程序代做CS代考 COMP3430 / COMP8430 Data wrangling

COMP3430 / COMP8430 Data wrangling
Lab 5: Classification for Record Linkage

Objectives of this lab
● Today’s lab is the third in a series of five labs during which we will gradually build a complete record linkage system.
● We will be working with different classification techniques and learn how they work and why they are important in the RL process.
● Completion of the classification module in the program.

Outline of this lab
● Learn how different classification techniques work ● Implement different classification techniques
● Evaluate different classification techniques
● Summary

Preliminaries
● Before you begin, aim to review lectures 17 and 18 if you have not already viewed them.
● Go back over the work from lab 4 and remind yourself what we were doing and how the overall program is structured.
● You can download the comparison module with sample solutions in week 7 and use with your RL program if you find difficulties implementing the required comparison functions.

What is Classification?
● This week we focus on the next step in the linkage process, classification.
● The aim of a classification technique is to classify a given pair of records as either a match, a non-match, or a potential match.
● Why do you think we need different classification techniques other than exact classification?
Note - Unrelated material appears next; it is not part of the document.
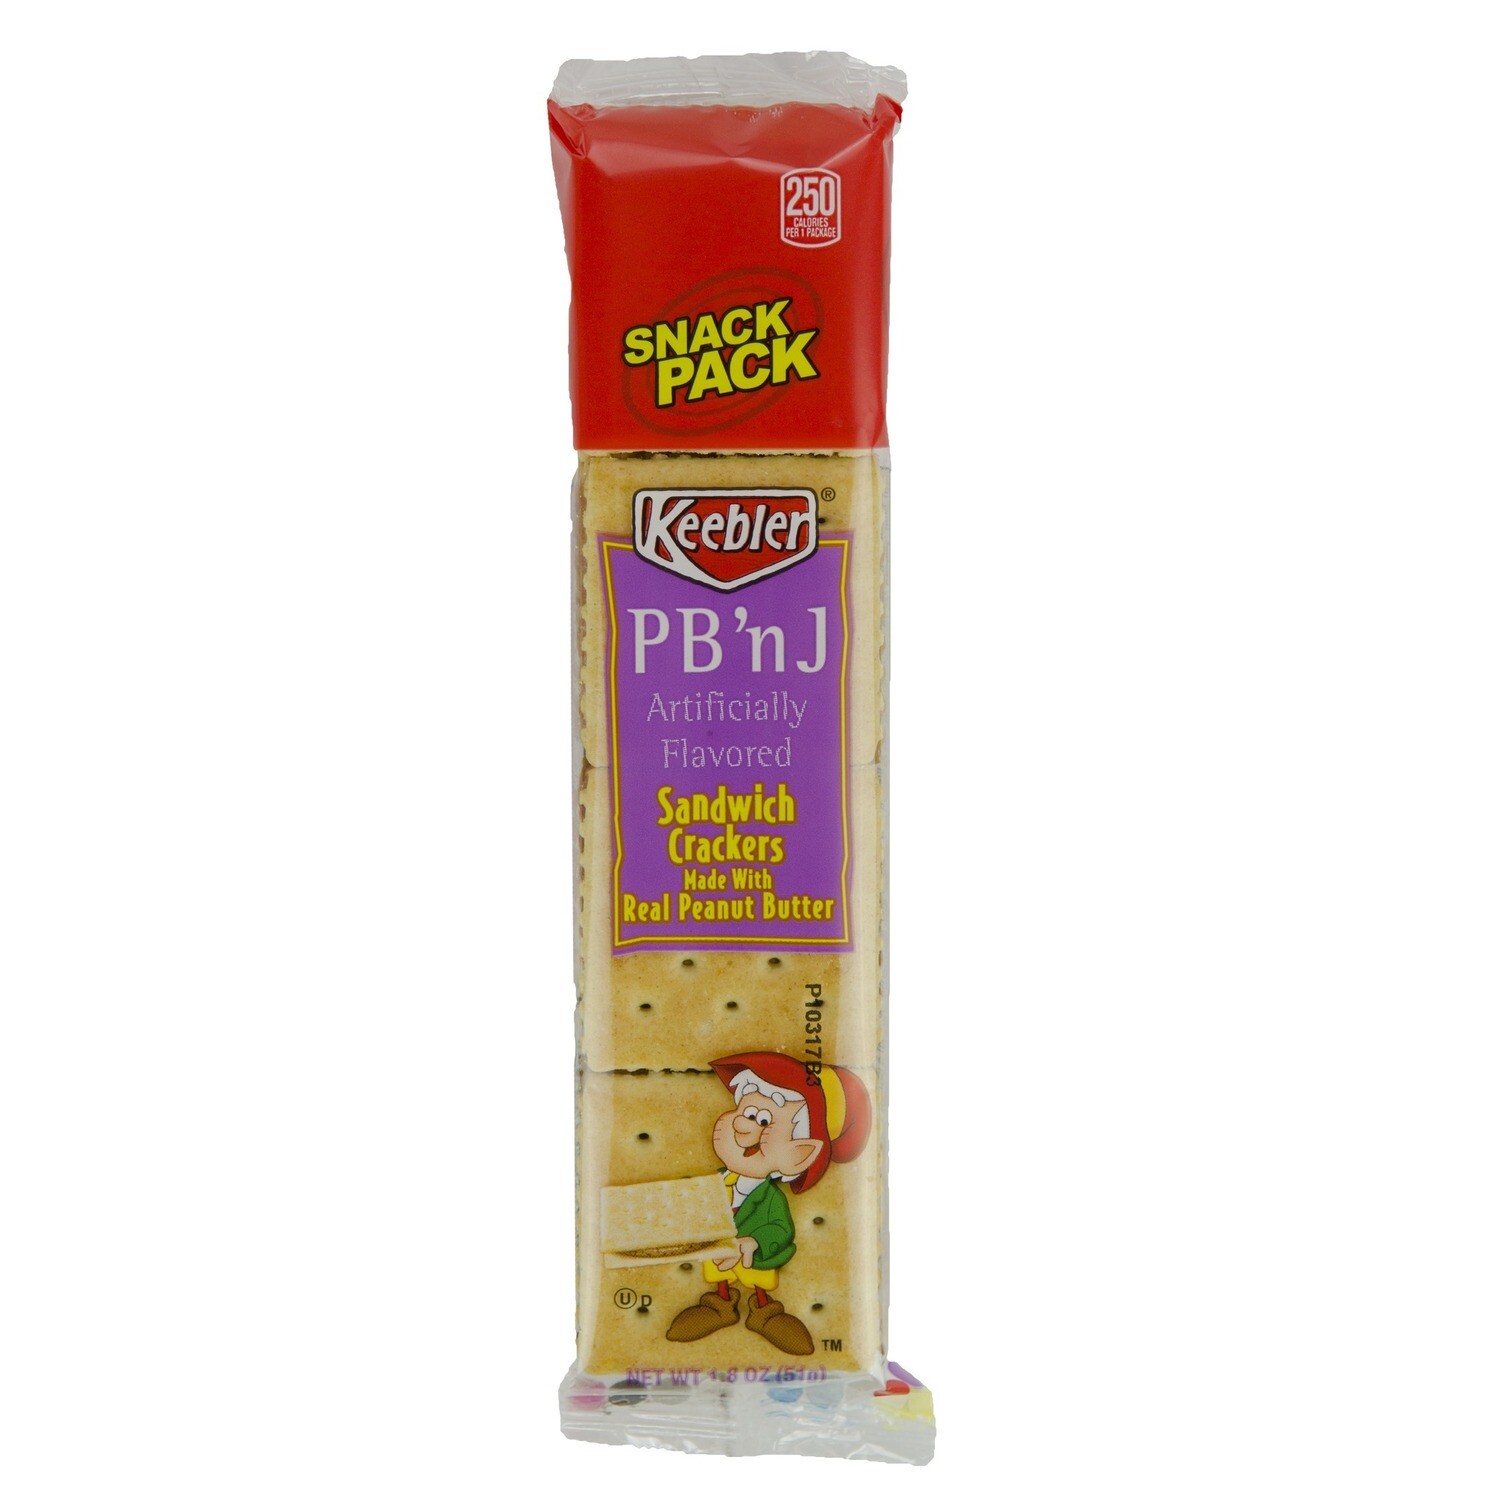 Snack / Crackers / Keebler PB n J Crackers
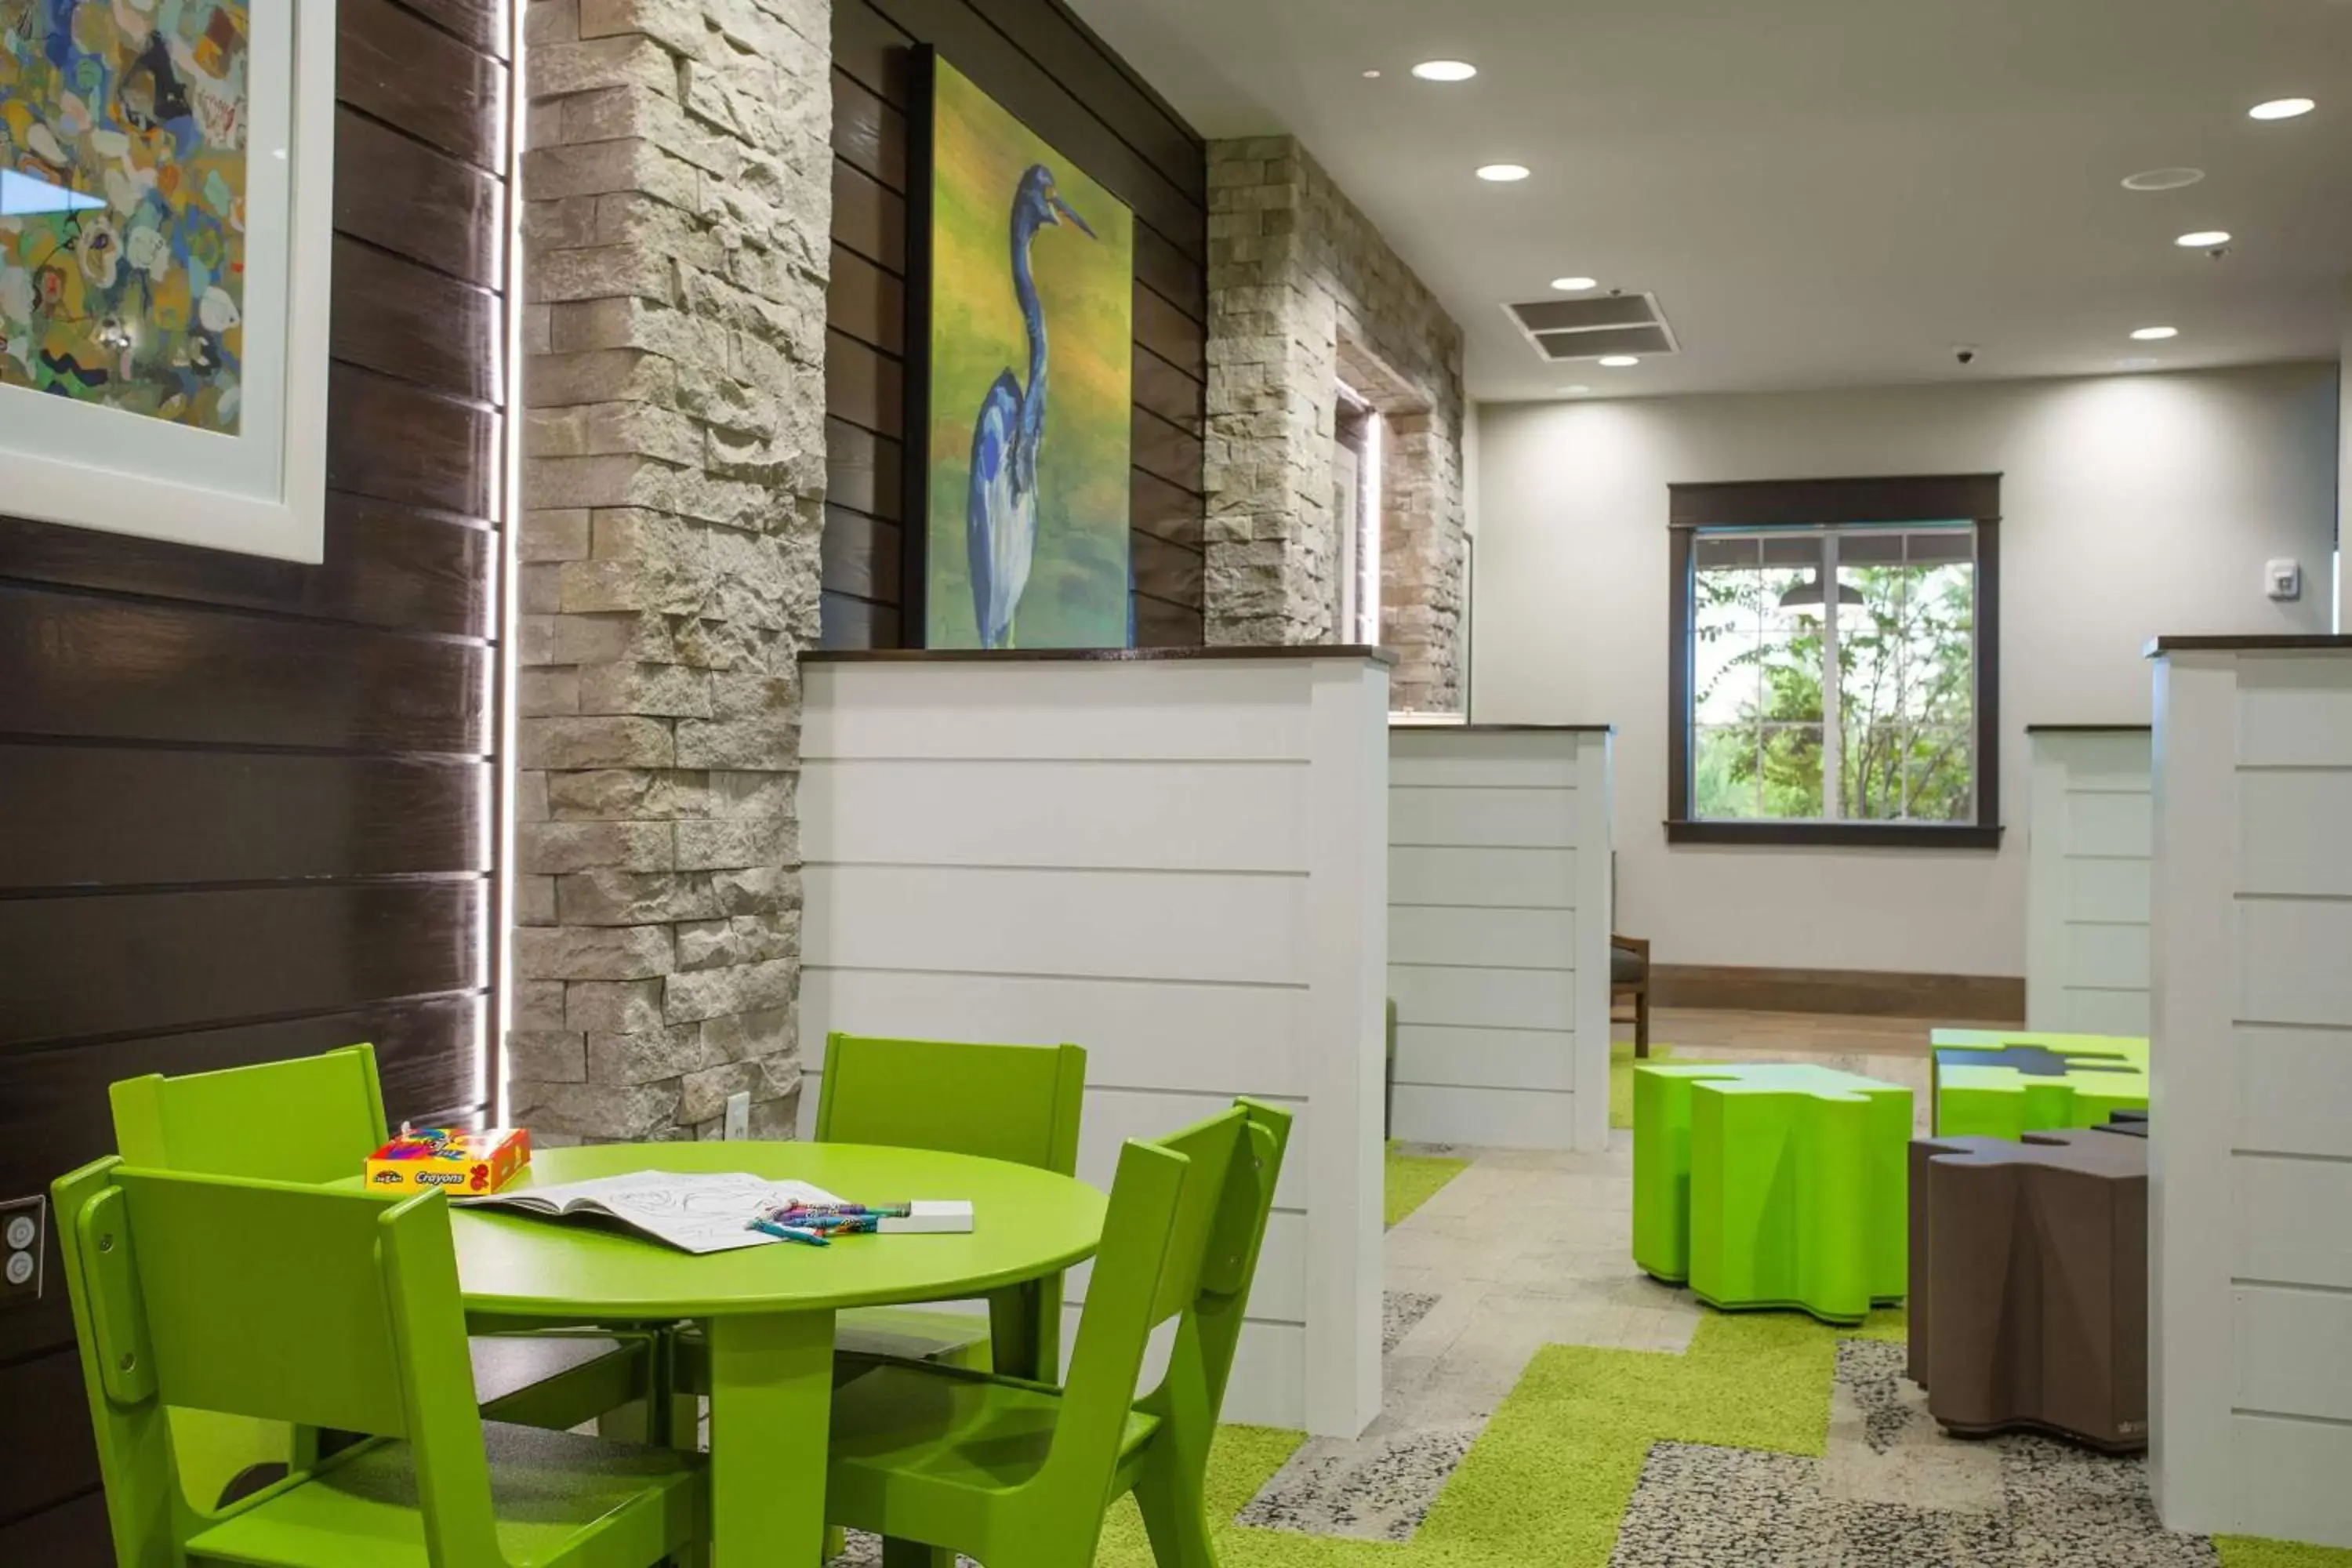 Lobby or reception in Hilton Vacation Club Mystic Dunes Orlando

How to classify record pairs
● Before we begin let us see how different classification techniques work. The classification techniques are outlined in lectures 17 and 18.
● Let us assume we have the following two vectors of similarities. – record pair (r1,r2) resulted in: [0.5, 0.9, 0.2, 0.8, 1.0, 0.0, 0.7] – record pair (r3,r4) resulted in: [0.8, 0.7, 1.0, 0.9, 0.6, 0.7, 0.9]
● See if you can compute the classification outcomes of above record pairs using:
– Threshold based classification with thresholds 0.5 and 0.7
– Minimum threshold based classification with thresholds 0.5 and 0.7

How to classify record pairs
Similarity vector for record pair (r1,r2): [0.5, 0.9, 0.2, 0.8, 1.0, 0.0, 0.7]
● Threshold based classification with the threshold 0.5
Average similarity = (0.5 + 0.9 + 0.2 + 0.8 + 1.0 + 0.0 + 0.7) / 7 = 0.5857
Since this average similarity > 0.5, the record pair (r1,r2) is classified as a match.
● Minimum threshold based classification with the threshold 0.5
Chech if each similarity value in the similarity vector is at least 0.5.
Since some similarties are not at least 0.5, the record pair (r1,r2) is classified as a non-match.

Implement different classification techniques
● Now start looking at classification.py and explore how the classification techniques work (inputs, return values, etc.).
● We have already provided a classification technique, exactClassify().
● Run the RL program using this classification technique and see what the
output looks like and how it performs.
● Now try to implement the other classification functions as required in the lab tutorial document.

Questions to consider
● How many matches do you find with each classification technique for the same threshold value?
● Do different thresholds have an effect on the number of matches?
● How do different weights for the weighted average function influence the
number of matches?
● Extra tasks – see if you can change the program to learn the weights for attributes based on their value distributions.

Summary
● In this lab we implemented different classification techniques and learnt how they can be used in the RL program.
● Make sure to complete any unfinished work in this module before you come to the next lab.
● In the next lab we will be looking at how different evaluation measures work and how they can be used in the RL program to evaluate performance.